* [What you should do]:
Everything from the line containing "Von zierlicher Form, mit" through the last line of the listing below should be returned exactly, except for pictures.

* [Given data]:
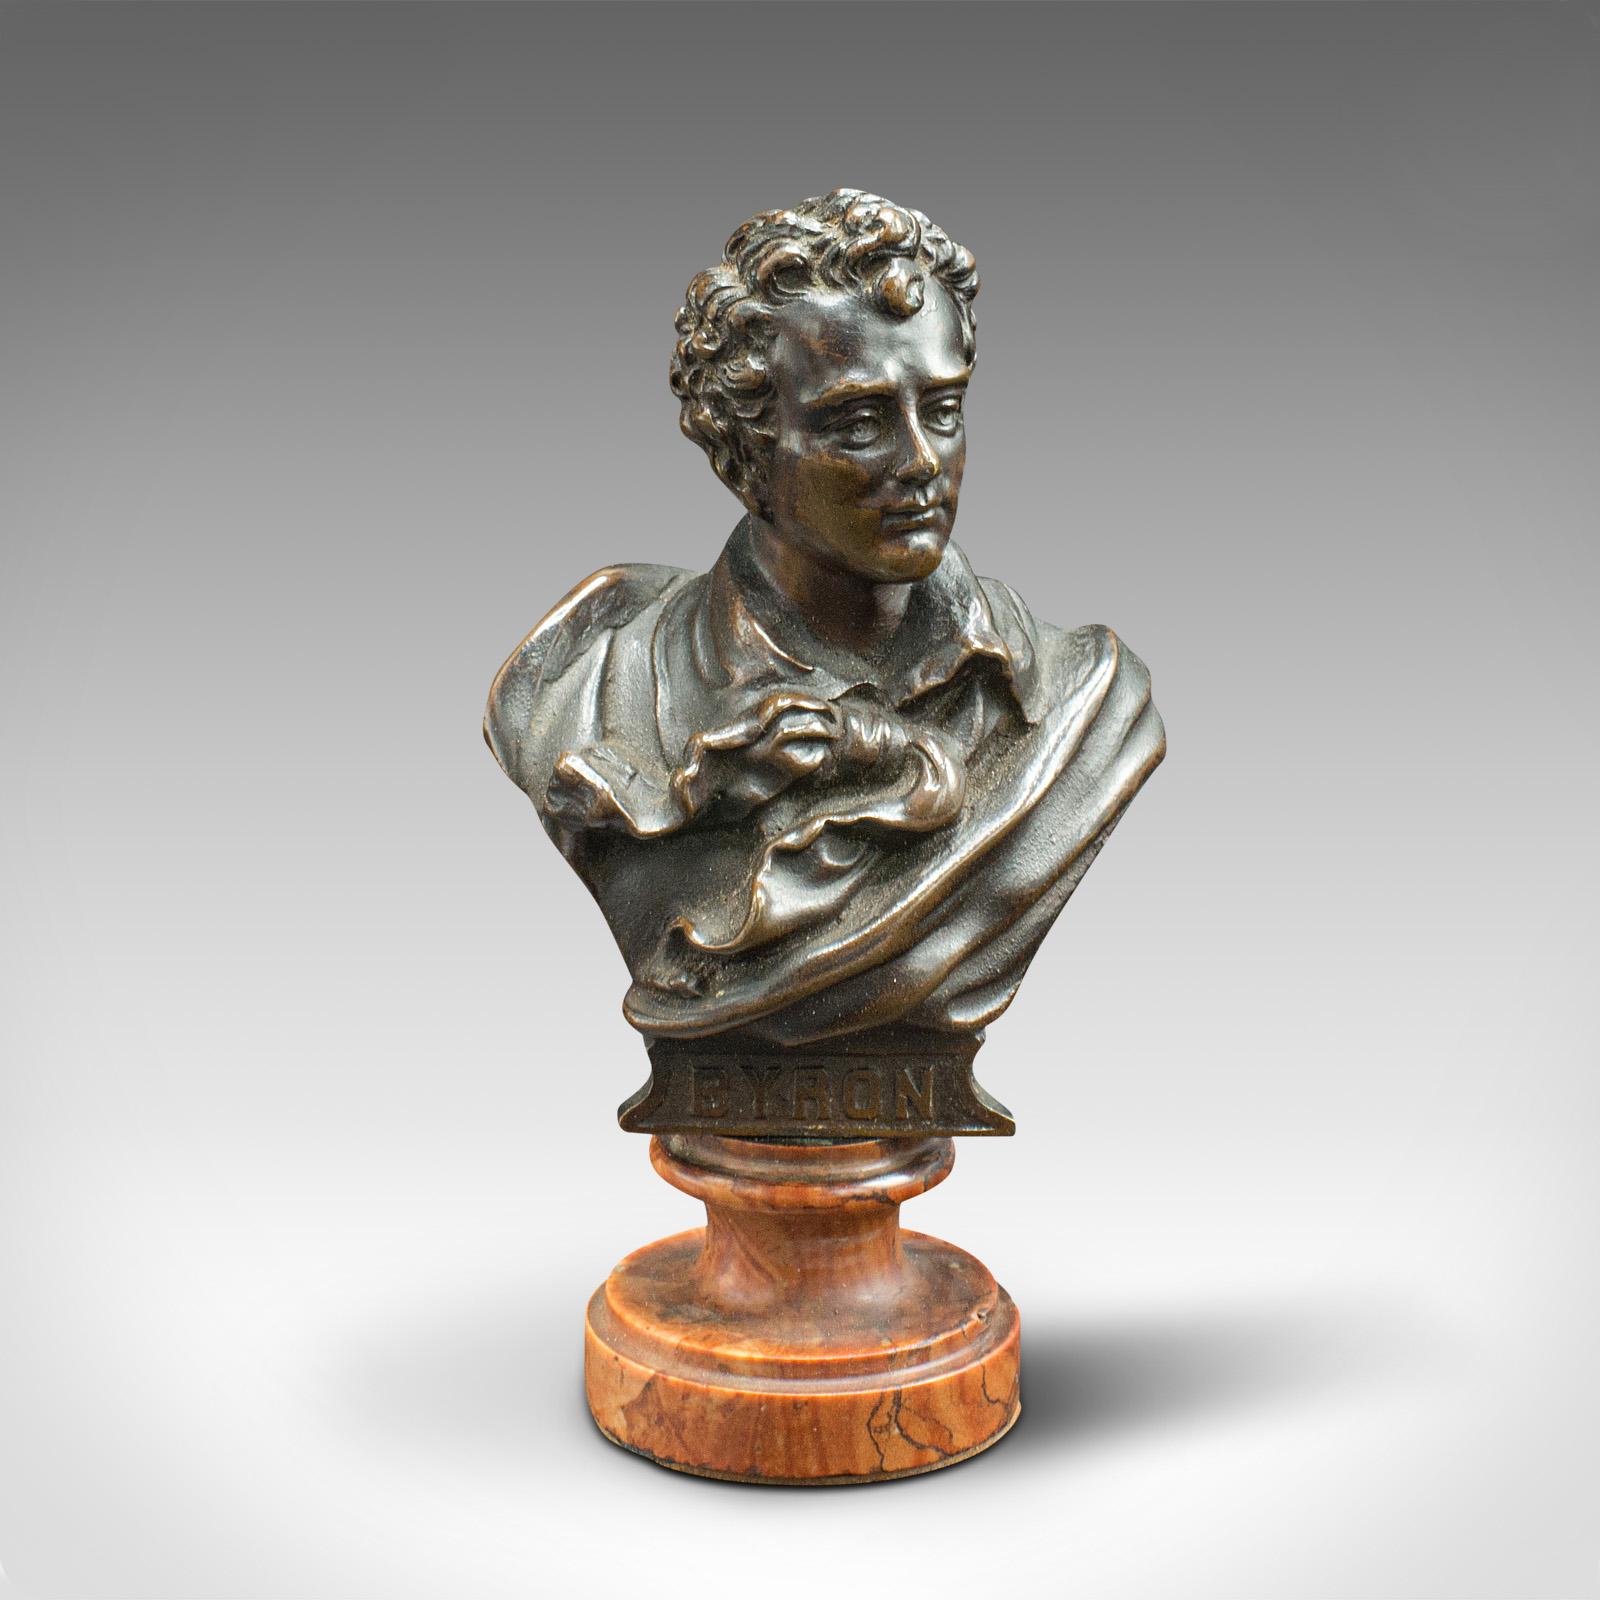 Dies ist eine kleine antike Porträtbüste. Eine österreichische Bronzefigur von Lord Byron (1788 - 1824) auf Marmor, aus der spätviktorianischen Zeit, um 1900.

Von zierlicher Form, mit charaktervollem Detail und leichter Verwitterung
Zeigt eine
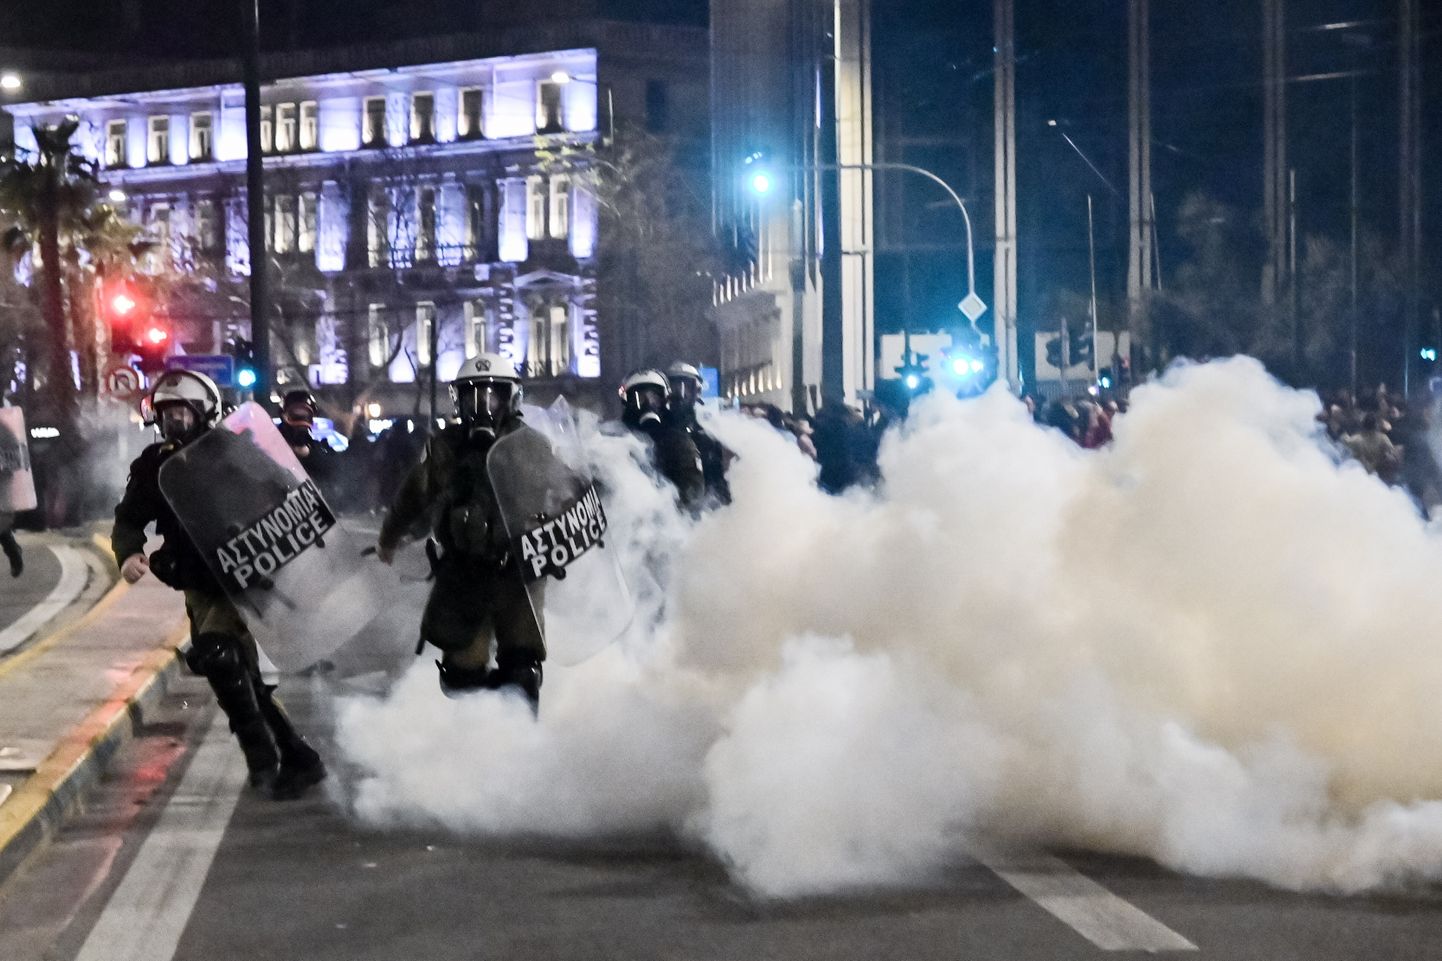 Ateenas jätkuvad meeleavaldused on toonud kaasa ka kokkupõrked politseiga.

* [Task response]:
Von zierlicher Form, mit charaktervollem Detail und leichter Verwitterung
Zeigt eine
 Ateenas jätkuvad meeleavaldused on toonud kaasa ka kokkupõrked politseiga.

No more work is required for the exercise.